DEVONthink make already OCRed pdfs several times larger

Per · December 26, 2020, 9:17pm

I am completely new to DT and already see huge benefits using it in my academic workflow (with Bookends and Tinderbox). It seems really great! However, I have a problem with DT multiplying the size of pdf files several times. I work very hard in Adobe Acrobat to get small pdfs with OCR and then DT make them bigger without me running the OCR function in DT on them. What is happening? How can I make it stop? I have so far almost 3000 pdfs, so it is a matter of GB getting lost

Thanks in advance!

rmschne · December 27, 2020, 7:09am

Best if you please explain in more detail, with some screen shots?, about your evidence of this problem. How are the files getting from Adobe into DEVONthink? Can you tell what happens by looking in the DEVONthink log? What does the log say as you enter the file into DEVONthink? What does DEVONthink report as “type” for these incoming files before DEVONthink does whatever you think it is doing? Are there any Rules setup to handle incoming files? Just saying “DT Makes them bigger without me running OCR” is not much to go on by anyone who might be able to help (except of course if coincidently they have see exactly that).

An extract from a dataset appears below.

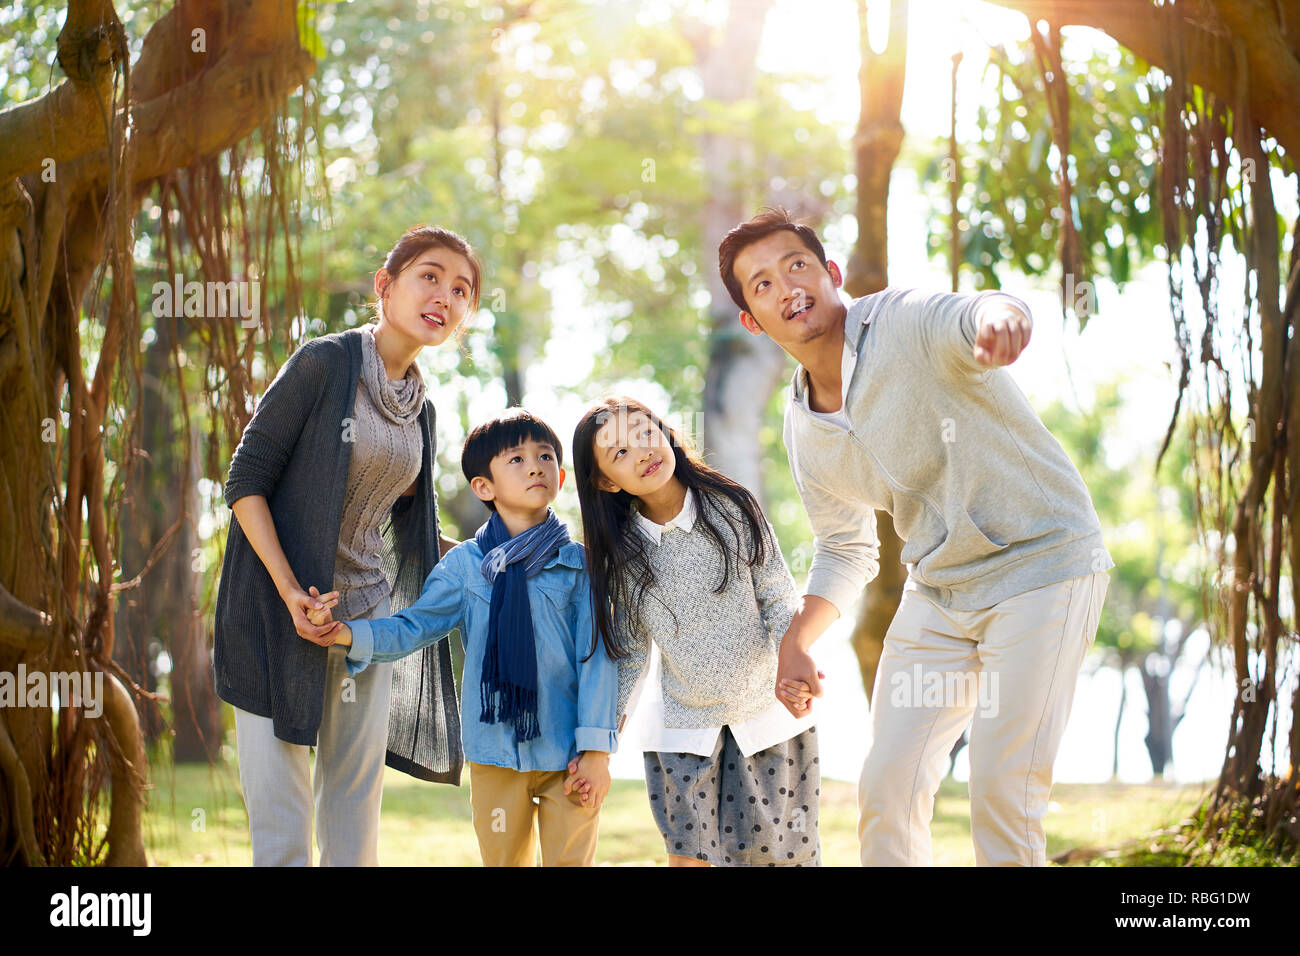 Famiglia asiatica con due bambini che si divertono ad esplorare i boschi in un parco. Foto Stock

Per · December 27, 2020, 10:30am

Thanks for getting on this so quickly! Here’s the setup:
– I have the pdfs in Bookends’ iCloud folder.
– I have indexed the folder in DEVONthink.
– Most files were already made small and with OCR in Adobe Acrobat before indexed in DEVONthink, but I have also open files from DEVONthink’s “open with” and selected Adobe Acrobat (default) and then “improved” them in Adobe.
– The pdf files stay small and then suddenly become several times larger. This can also be forced if I open the pdf in Devonthink by double-clicking on its database entry in the list pane and save when closing it again. I have uploaded two screenshots of before and after opening a file, highlighting a sentence, and closing it again. Note the file size going from 0.206 to 1.1MB (similar ratios for large files. One grew up to 150MB). The log button stays grey but I do not know if there is a log to share from somewhere else (beginner).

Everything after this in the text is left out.